Fraser disagrees with the idea that financialization and REITs contribute to the housing crisis, saying his company works with non-profit groups and is a provider of affordable housing in Halifax.
Three-quarters of the company's apartment units are being rented for less than $1,500 a month, he said in September. In addition, Killam has financing agreements with the Canada Mortgage and Housing Corporation in which it has committed to keeping rents for some units in two buildings in Dartmouth below the market rate for the duration of those agreements.
Meanwhile, during CAPREIT's August earnings call, CEO Mark Kenney said that in "dialogue" with the federal government "there's a real understanding now that it's not corporate landlords that are raising rents, it's a supply and demand problem that we have in the country."
CAPREIT's statement said more than half of the company's units have rents that meet the CMHC's definition of affordable housing.
Rental market share of REITs
Lovitt said REITs like Killam and CAPREIT are large individual players with a small overall footprint in Halifax.
In 2021, four REITs owned an estimated 11.9 per cent of all rental units in the municipality, based on analysis by CBC News using Canadian census data and the companies' public reports.
In February 2020, CAPREIT nearly doubled the number of units it owned in Halifax from 1,659 to 3,162, after acquiring properties in several areas of the municipality.
Fraser told CBC News that Killam has no influence on market rents.
"There's enough large entities out there that own 1,000 or 2,000 [rental units]," he said, and "they would be owning product that is newer and so their average rent would be well above ours."
From Lovitt's perspective REITs aren't necessarily a cause of affordability issues. Instead, he said the companies are a highly visible symptom of current market conditions.

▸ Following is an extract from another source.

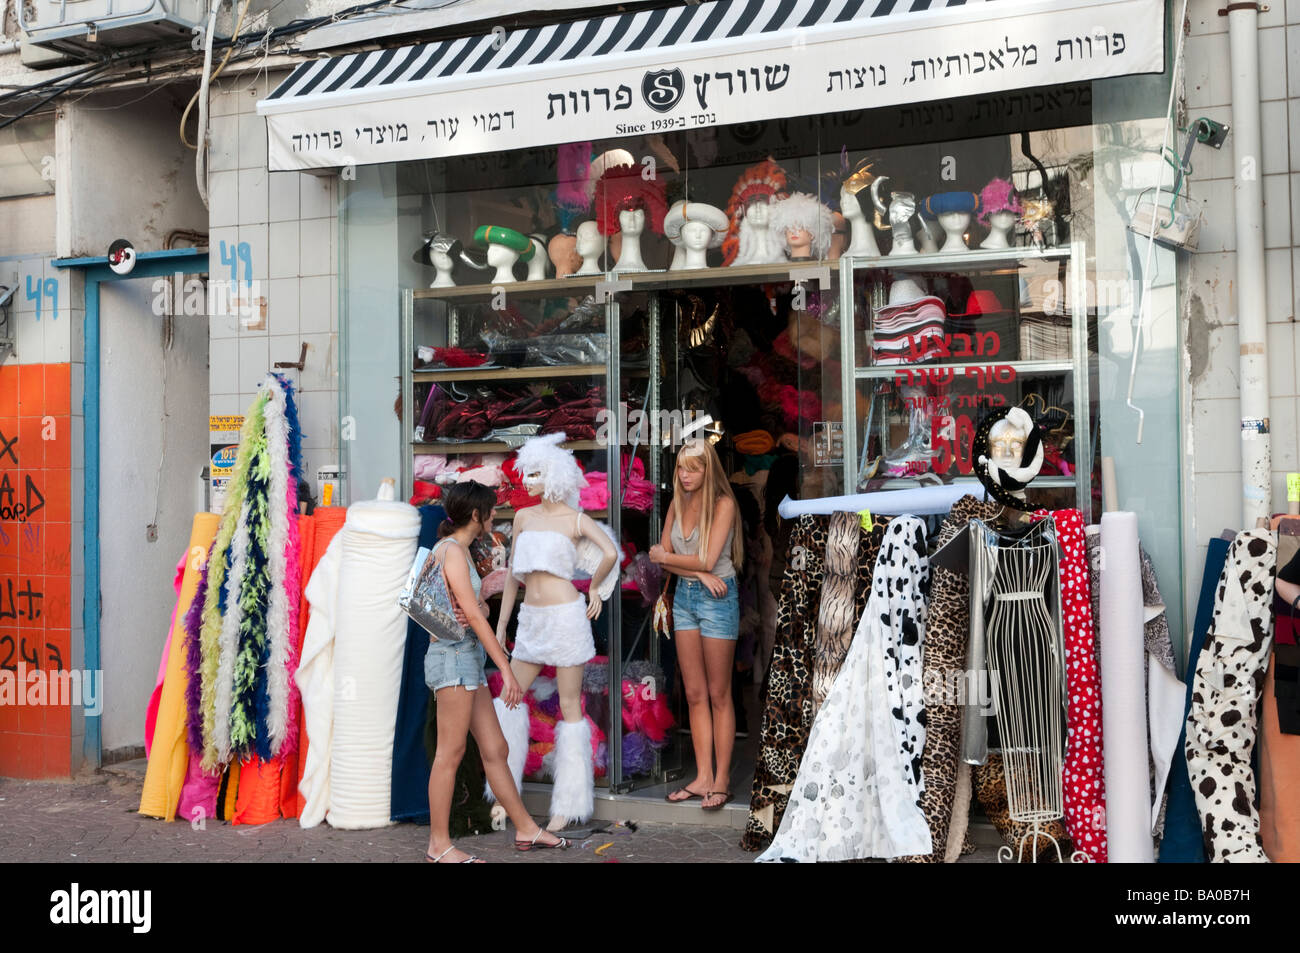 Aviv-Yafo geile junge Tel frauen in Junge Frau

"It really seems to be that they [REITs] are being painted with the general broader criticisms of having an overreliance on a housing market that's driven by profit, to meet the needs of those that really can't be met by that type of system," he said.
This issue of a lack of non-market housing is where CEOs, advocates and researchers find common ground. They point to public housing — something the province recently re-committed to for the first time in 30 years — as a solution for people who can't afford market rent.
Fraser said the private market is not sufficient to solve the housing crisis. "It needs everybody participating in the right way, trying to do their part."